Lead Acetate Cleavage Assay for TectoRNA

TectoRNA assemblies were probed using a lead acetate cleavage assay as described previously (33 (link),38 (link),51 (link)). For each assembly, unlabeled tectoRNA at various concentrations ranging from 5 nM to 20 μM was mixed with ∼1 nM of 3′-[³²P]pCp labeled tectoRNA to monitor assembly and cleavage. For the cleavage assays, tectoRNA assemblies were first denatured at 95°C for 1 min and immediately cooled on ice for 2 min.

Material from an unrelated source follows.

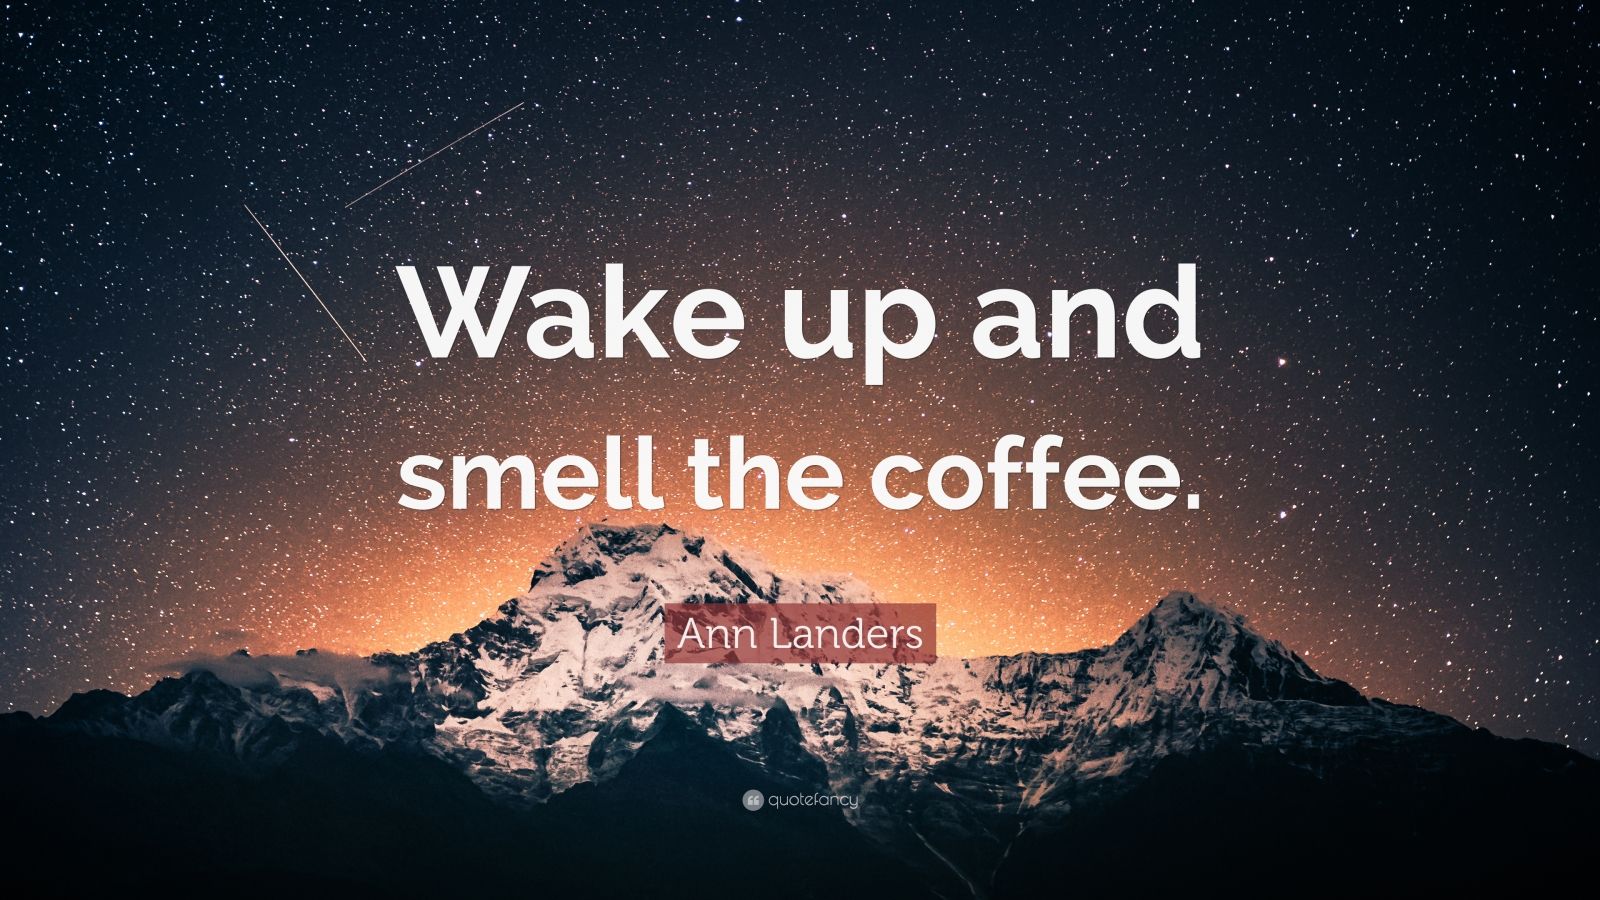 Ann Landers Quote: “Wake up and smell the coffee.” (11 wallpapers ...

Using a thermocycler, each tectoRNA sample was incubated at 20°C for 5 min before the addition of association buffer containing 25 mM HEPES pH 7.5, 50 mM KOAc, and either 0.05 mM, 0.5 mM or 2 mM Mg(OAc)₂ in the presence or absence of 200 μM folinic acid (FA). Following a 30-min incubation period at 20°C, 1 μl of 10 mg/ml tRNA was added prior to addition of 10 mM (final) Pb(OAc)₂. After 5 min at 20°C, the reaction was quenched with 10 μl of 100 mM EDTA solution. Each sample was ethanol precipitated, washed, and resuspended in colorless loading buffer (10 M urea, 1.5 mM EDTA) prior to loading onto a 10% (19:1) denaturing PAGE gel. Labeled RNA molecules were visualized using a phosphor-screen and a Typhoon Biomolecular Imager (Amersham). Lane profiles and densitometry analysis were analyzed using ImageJ 2.0 software.